Other scholars have also addressed the unique character and expressiveness of the Hryts sequence, such as Alexander Serov, who stated that "the refrain exudes a spirit of freedom that transports the listener to the steppes and is mixed with the sorrow of some unexpected tragedy."
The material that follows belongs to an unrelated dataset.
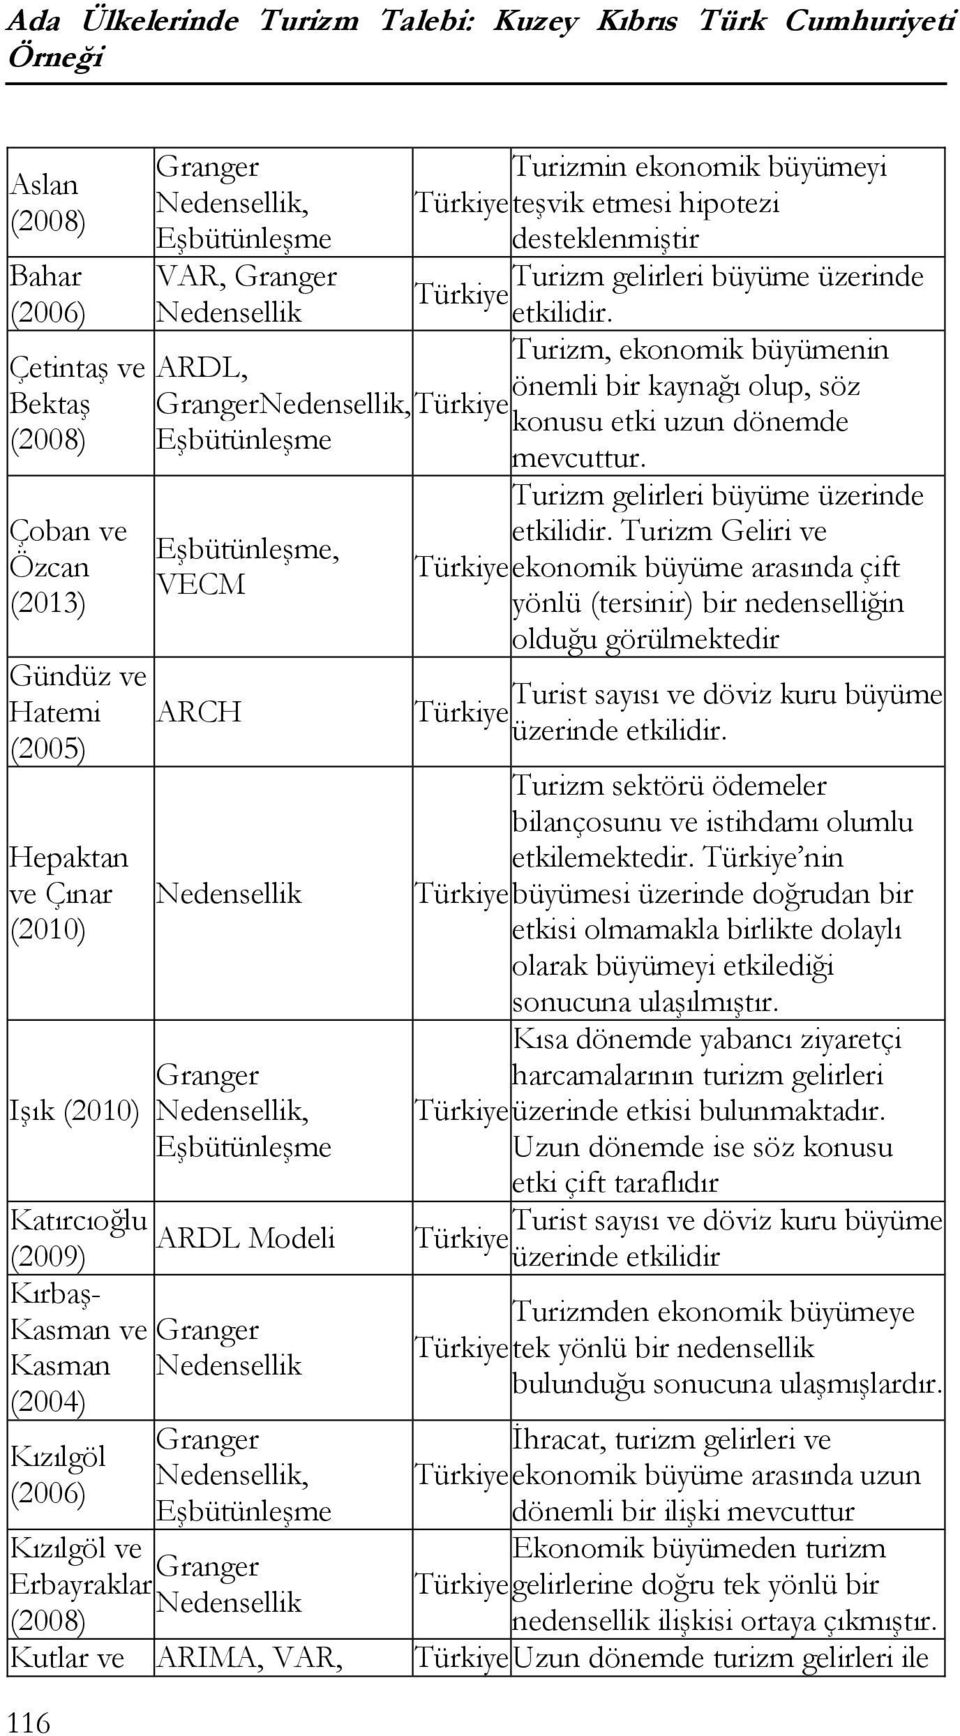 Granger, Eşbüünleşme Kızılgöl ve Granger Erbayraklar (2008) Kular ve ARIMA, VAR, Turizmin ekonomik büyümeyi Türkiye eşvik emesi hipoezi deseklenmişir Turizm gelirleri büyüme üzerinde Türkiye ekilidir.

Soroker notes the Hryts signature was used by composers Joseph Haydn (String Quartet no. 20, op. 9, no. 2; String quartet no. 25, op. 17, no 1; The Saviour's Seven last Words on the Cross, the Rondo of the D major Piano Concerto [composed 1795], Andante and variations for piano [1793]), Luigi Boccherini (duet no. 2), Wolfgang A. Mozart (Symphonia concertante K. 364), L. van Beethoven, J. N. Hummel, Carl Maria von Weber, Franz Liszt (Ballade d'Ukraine), Felix Petyrek, Ivan Khandoshkin, and others.

==Notable recordings==
- The Andrews Sisters recorded a version in 1941.
- Benny Goodman with Helen Forrest - recorded December 20, 1940 for Columbia.
- Eydie Gorme reached the No. 10 position in the UK charts in 1962.
- Glenn Miller & His Orchestra (vocal by Marion Hutton). This reached No. 9 on the Billboard charts.